Work request:
A verbatim reproduction of the following listing is required; omit the pictures.

Given data:
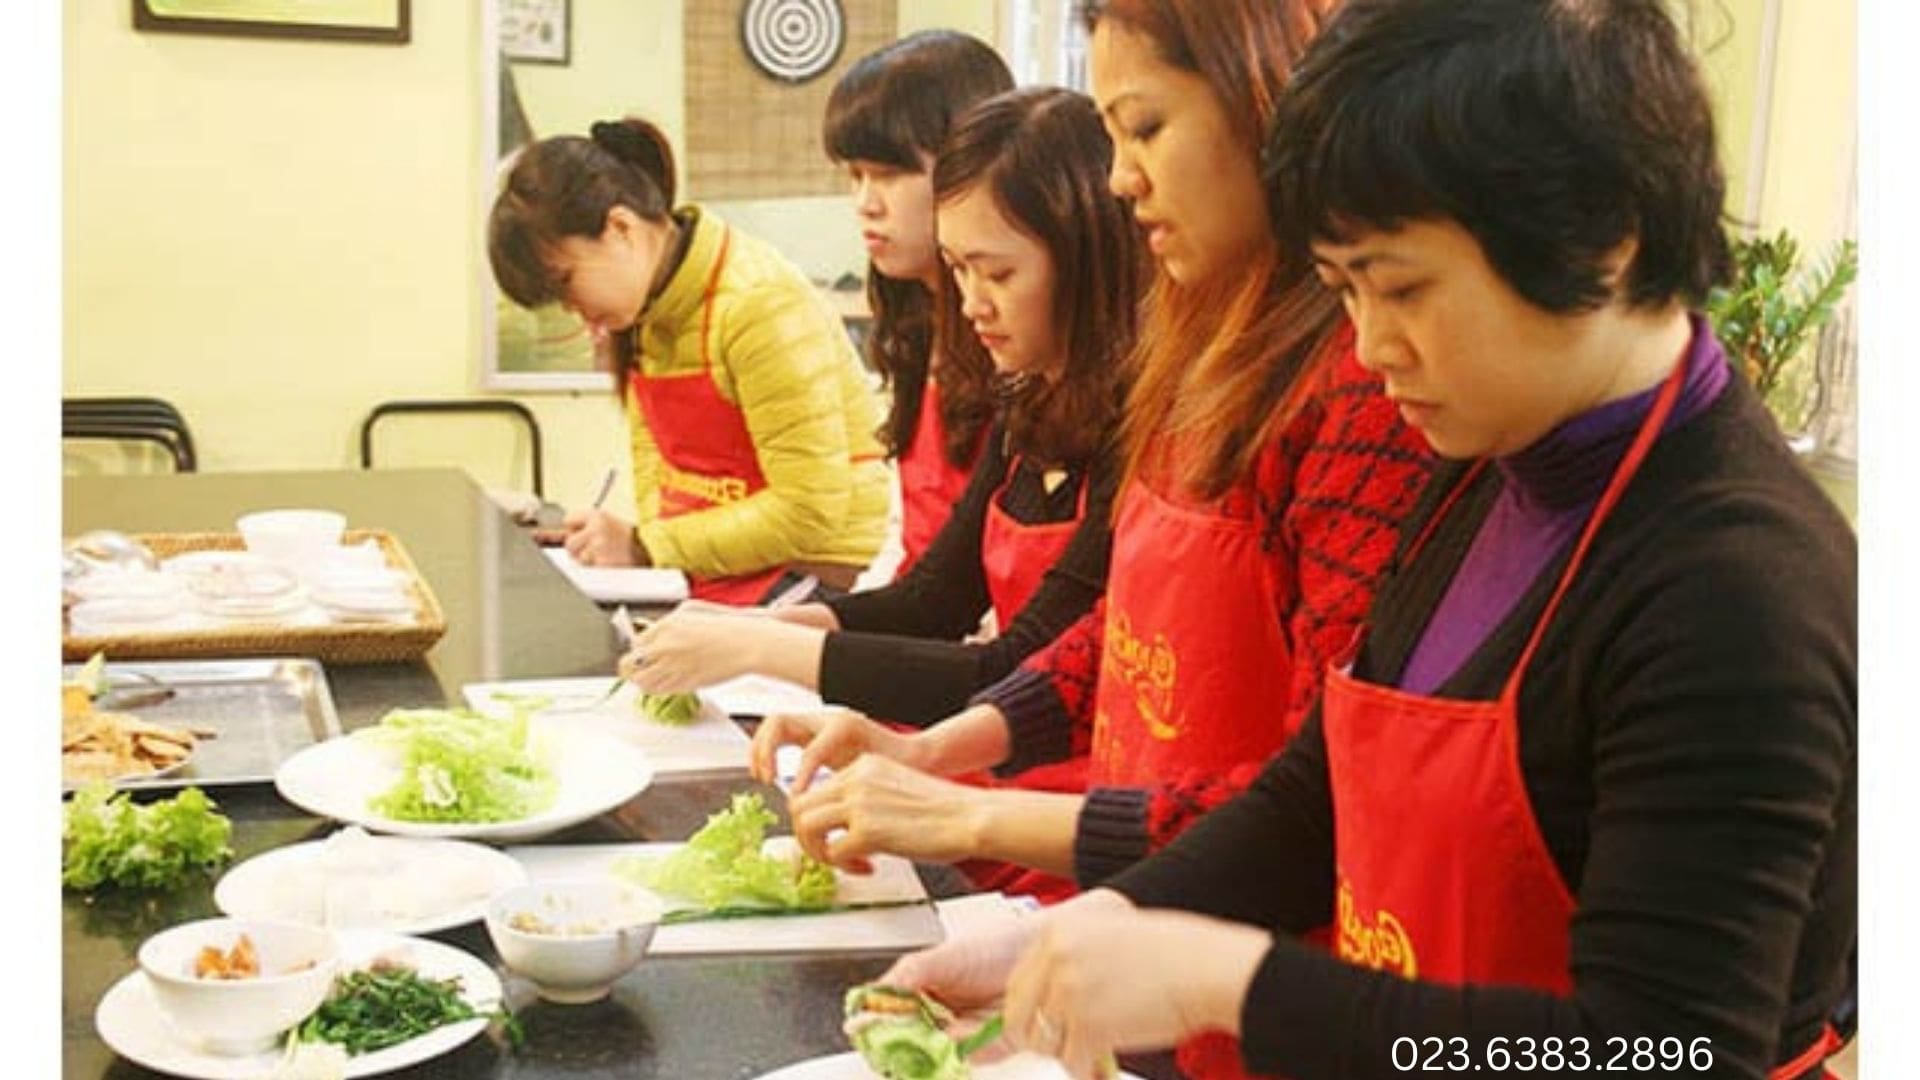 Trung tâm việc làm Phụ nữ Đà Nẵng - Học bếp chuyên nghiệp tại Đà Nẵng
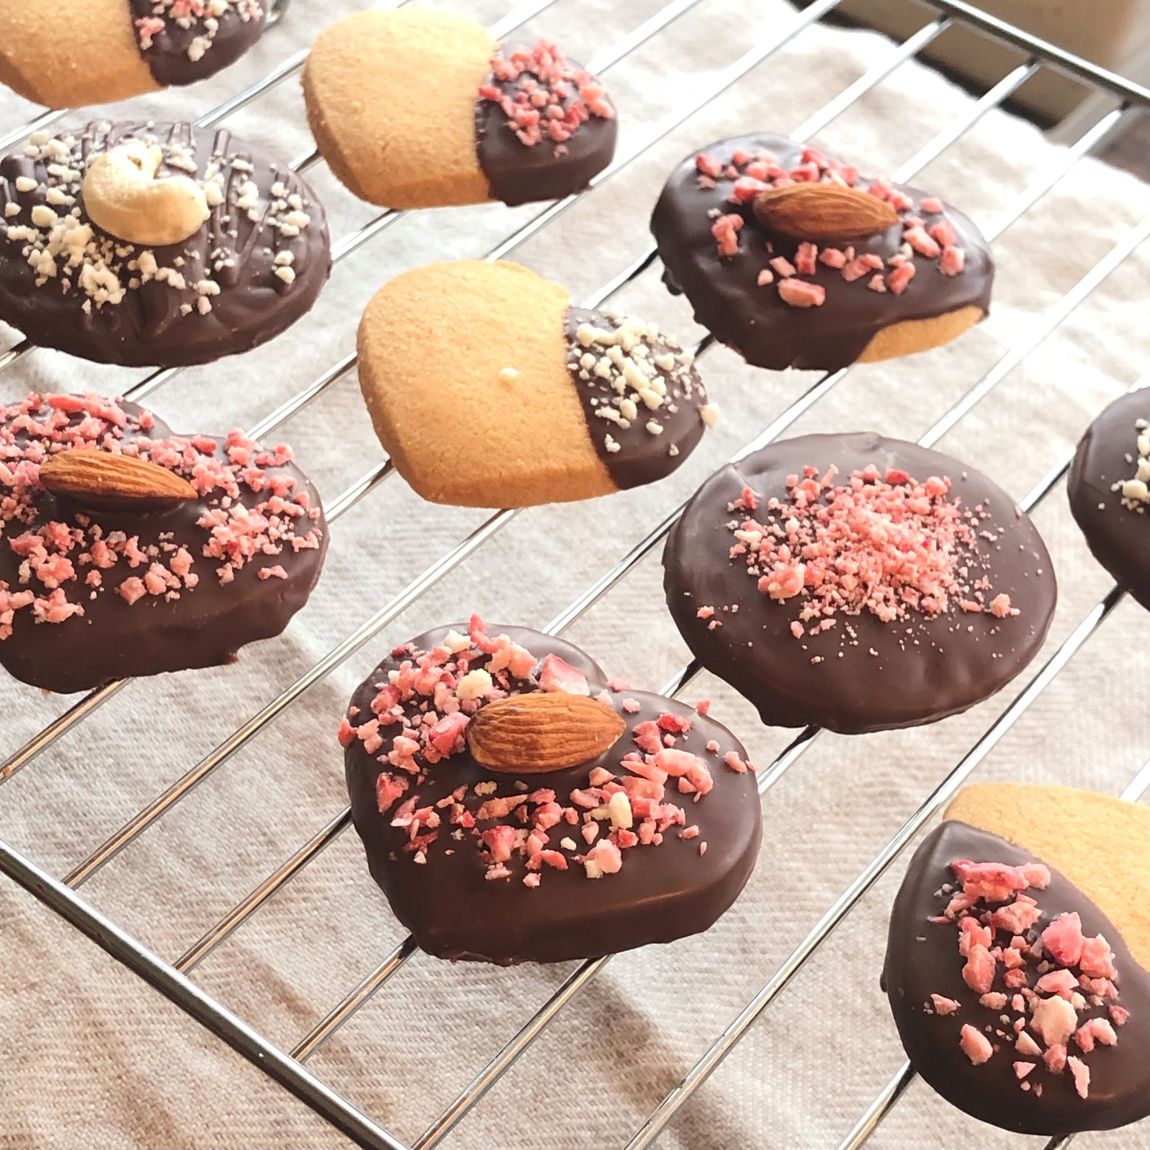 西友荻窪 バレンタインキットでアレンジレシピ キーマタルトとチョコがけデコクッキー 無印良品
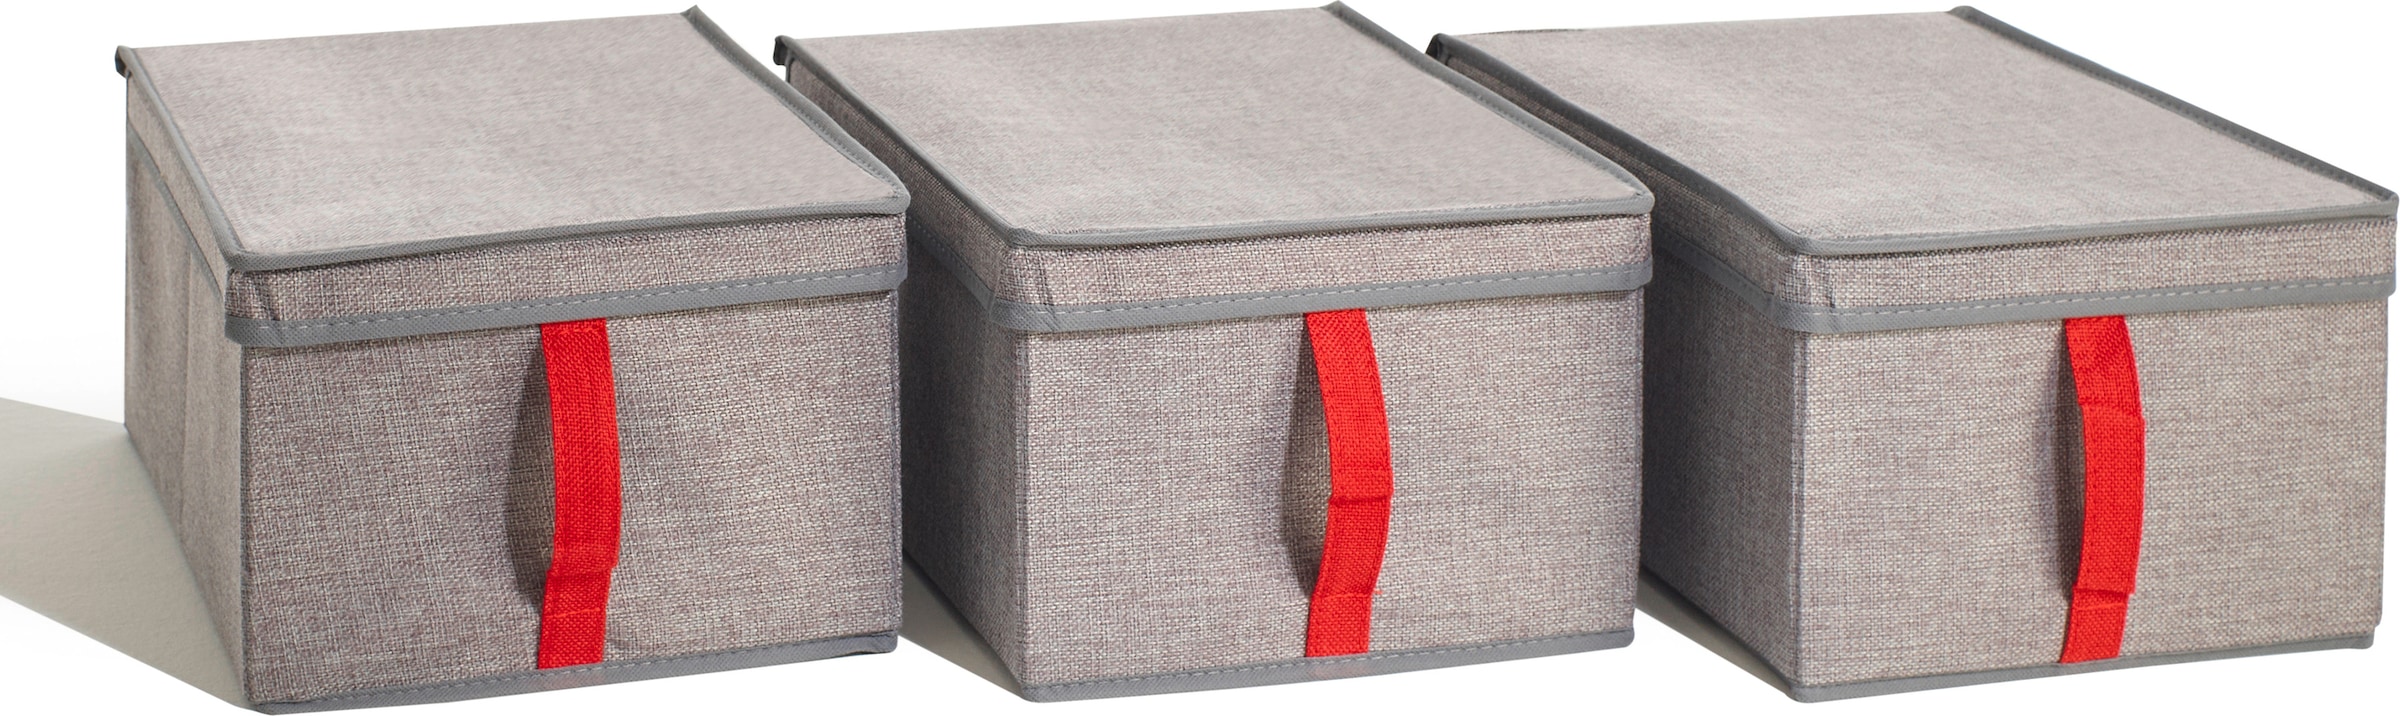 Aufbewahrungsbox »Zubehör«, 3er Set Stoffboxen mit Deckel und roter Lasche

Written reply:
 Trung tâm việc làm Phụ nữ Đà Nẵng - Học bếp chuyên nghiệp tại Đà Nẵng
 西友荻窪 バレンタインキットでアレンジレシピ キーマタルトとチョコがけデコクッキー 無印良品
 Aufbewahrungsbox »Zubehör«, 3er Set Stoffboxen mit Deckel und roter Lasche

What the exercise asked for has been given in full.